Sul territorio, ci sono volontà e speranze di richiamare nuovi abitanti nei Comuni che, nella maggior parte dei casi, hanno più o meno seri problemi di spopolamento. A fronte del cambiamento climatico e dei problemi legati all’inquinamento, gli spostamenti dalle città di pianura verso i paesi di montagna possono essere un’ottima soluzione. Se tuttavia, sono stati risolti i nodi precedenti.
Inoltre, per chi viene da una città, alle problematiche condivise con gli abitanti dei paesi montani elencate sopra, se ne aggiungono altre che rendono difficoltosa la prolungata permanenza: fra le altre, la soppressione della linea ferroviaria, i costi eccessivi per gli spostamenti in autobus, nonché le complicazioni con gli animali a bordo ignote nell’ambiente urbano (in alcuni casi al limite della vessazione/maltrattamento).
Questi aspetti sebbene siano noti agli addetti ai lavori, in alcuni casi siano problematiche complesse da sciogliere in breve, per differenti ragioni, in altri la causa è la noncuranza, la non consapevolezza, la prigrizia mentale. Il loro insieme pesa sugli andamenti demografici e sulla distribuzione delle persone sul territorio.
Tutti questi motivi costituiscono elementi “dialettici” e “drammatici”, fonti di conflitti e scontri. Sono premesse fondamentali per un lavoro che vada oltre a una mera e tradizionale rappresentazione scenica.
Inoltre, in questo caso, metto al centro di un progetto di drammaturgia degli spazi gli abitanti una zona montana particolarmente ricca sul piano culturale, per tradizioni secolari, nonché un luogo per me particolarmente “sensibile” a livello biografico e affettivo, posto che i miei antenati, fino ai nonni erano valsesiani (come emerge dal mio cognome).

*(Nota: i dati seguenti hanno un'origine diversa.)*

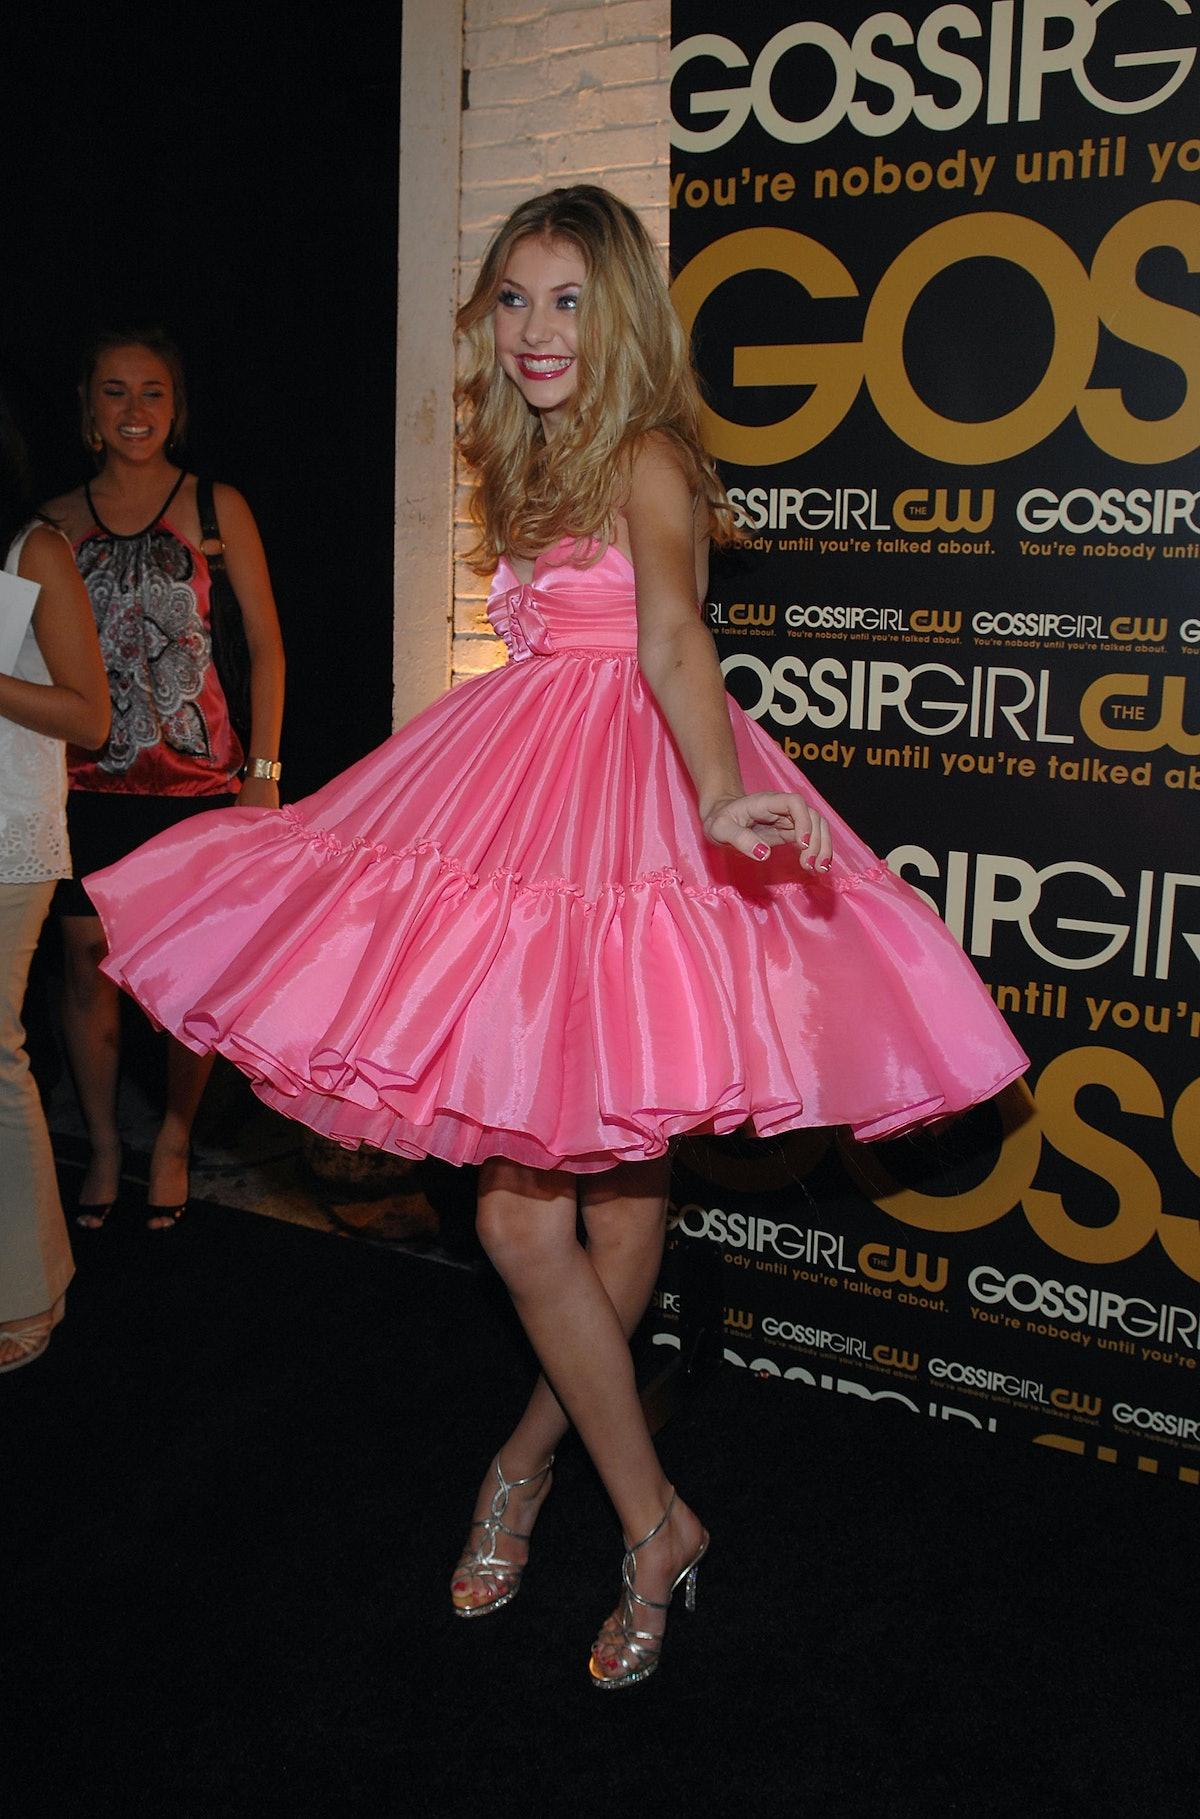 Taylor Momson in pink dress.

Nel realizzare il progetto è comunque molto importante procedere con discrezione e delicatezza, senza forzature, perché alla base ci sono il dialogo, la ricostruzione di punti di vista diversi, l’arricchimento culturale reciproco dato dallo scambio di informazioni fra persone che abitano in contesti differenti.
Il tempo e la sincerità nei rapporti sono due elementi fondamentali. La “diffidenza” verso i “foresti”, verso gli abitanti della pianura, o i cittadini è un’arma di difesa contro le invasioni inopportune e importune. Può essere un modo di “resistere” alla minaccia di un livellamento globale e all’appiattimento culturale. E’ uno degli elementi di cui tengo conto fin dal principio.
Nessuno deve essere “forzato” a partecipare. Né deve sentirsi “in soggezione”, il dialogo è paritario, indipendentemente dal titolo di studio. L’istruzione da sfoggiare è estranea al progetto.
Nei prossimi giorni mi dedicherò a “scoprire” e a indagare le specifità di Carcoforo. Ho già avuto modo di capire che c’è già un nuovo “personaggio” vegetale in campo, probabilmente destinato ad assurgere a ruolo di primo attore. E’ un elemento che desta poca sorpresa in me perché è emerso – almeno finora – come gli alberi costituiscano, per esempio, un elemento di forte caratterizzazione culturale, non solo paesaggistico.
Fra le attività economiche caratteristiche di Carcoforo ci sono quelle legate all’allevamento, esteso non solo ai bovini, ma anche ai caprini e agli ovini. In questo periodo, perciò, i pascoli sono ancora tutti allegramente frequentati.
E’ probabile che nei prossimi giorni vada a vedere da vicino, se possibile – posto che il mio assistente è un segugio e non è detto che la convivenza con i maremmani sia troppo pacifica – almeno un allevamento in cui siano presenti i caprini, ai quali sto dedicando particolare attenzione (progetto “Dove sono le capre?”).
Ogni giorno in ogni caso è una scoperta del luogo e di chi lo abita, quindi aspetto con curiosità di vedere gli sviluppi!